In the course of five days, at marathon pace, Project S.A.R.A.H’s Camp Safety Program presented their expanded program to over 700 counselors at nine community day camps including Camp 613, Camp Kef, Summer Playland, Union Y, Camp Regesh, Camp Acheinu, Moshava Ba’ir, Passaic Clifton Playgroup and Camp Kesser Malka. According to Rabbi Michael Bleicher, LCSW, assistant director of Jewish Family Service and Children’s Center of Clifton Passaic, and director of the Camp Safety Project, “During the week preceding camp openings, through morning, afternoon and often evening sessions, camp administrators, directors, division heads and counselors were
guided through a comprehensive safety program by an exceptional team of 10 licensed therapists. It was a Herculean effort but the results will be a safe and secure summer for thousands of our children.”

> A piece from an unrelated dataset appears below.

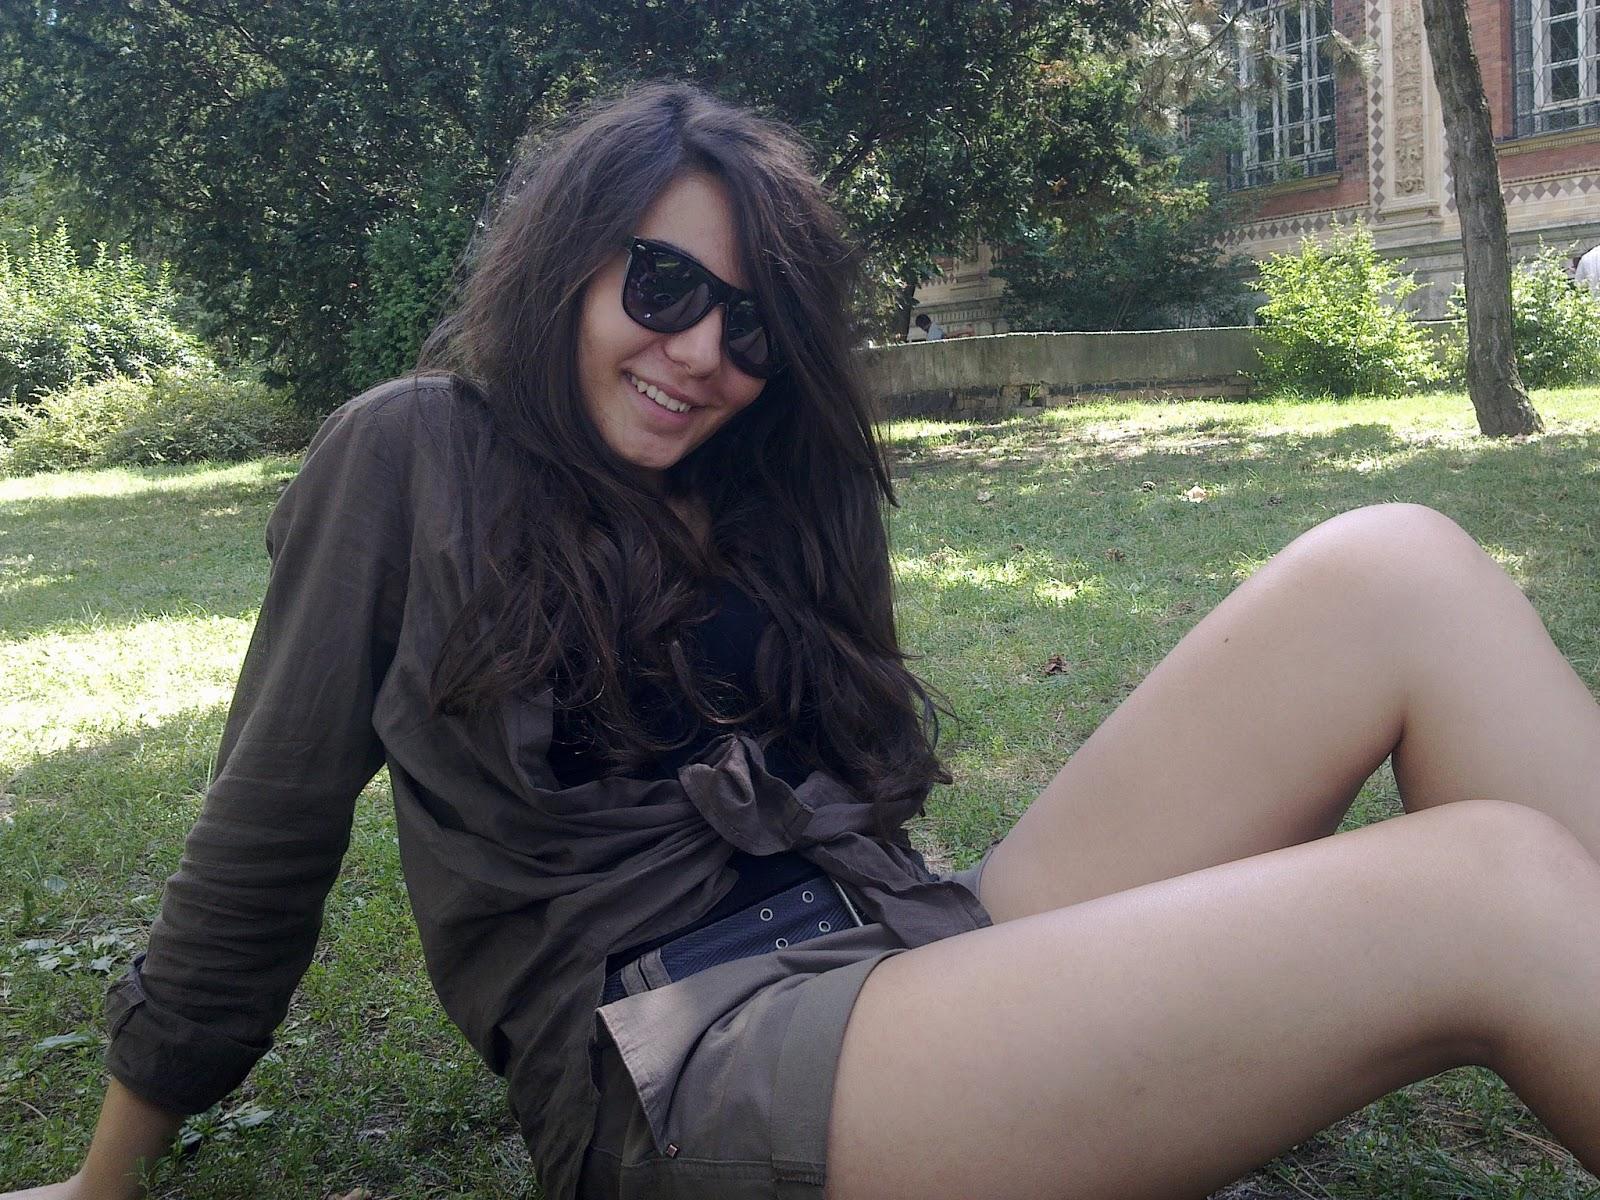 Türk Türbanlı konulu porno  Hd İzle Pornolari  Bedava

Utilizing a PowerPoint presentation, the program is divided into two units. Unit 1 deals with “Recognizing and Responding to Abuse,” which manifests itself through symptoms of neglect, physical, emotional/psychological and sexual abuse and bullying. Staff is sensitized to the subtle hints at disclosure made by the child, and keys to sensitively handling a disclosure are suggested. Paramount is the reporting of the disclosure to supervisors and following up to see that the issue has been addressed.
Unit 2, which has been expanded over the 10 years that the course has been offered, deals with “Camp Staff Behavioral Guidelines.” These guidelines deal with staff-camper interactions as well as staff-staff interactions. Staff is guided in issues including privacy with an individual camper, physical contact for hygienic purposes, touching in an expression of encouragement or sharing private information and secrets. Counselors are urged to be aware as well of the behavior of their peers in these areas. The key phrase repeated in both units is “Bump it up,” report any signs of inappropriateness between staff and campers or staff and staff immediately to supervisors for proper intervention and handling.
A more recent component of the program deals with the “self-awareness” of the staff members themselves. The program guides camp staff in being aware of any feelings that they may be struggling with that may impact their interaction with campers. They are encouraged to be attentive to signals their bodies are sending them and to respond to them responsibly by seeking some down time or by sharing their feelings with a supervisor.
Sessions were presented to small groups to allow for greater involvement. Every session ended with a series of scenarios to which the staff was asked to respond. Staff was asked to explain how they would react and act in a responsible way based upon what they had learned in the presentations.
According to Rabbi Bleicher, “In choosing day camps in our area, it was a great comfort to parents to know that the camps they chose had zero-tolerance policies concerning the issues of emotional safety for their children in addition to issues of physical safety. It put parents at ease to know that camps take a holistic approach to emotional health as well as diet and physical health. Personally, as a parent, it gave me peace of mind to know that my children’s counselors had been properly trained to handle any issues that may arise.”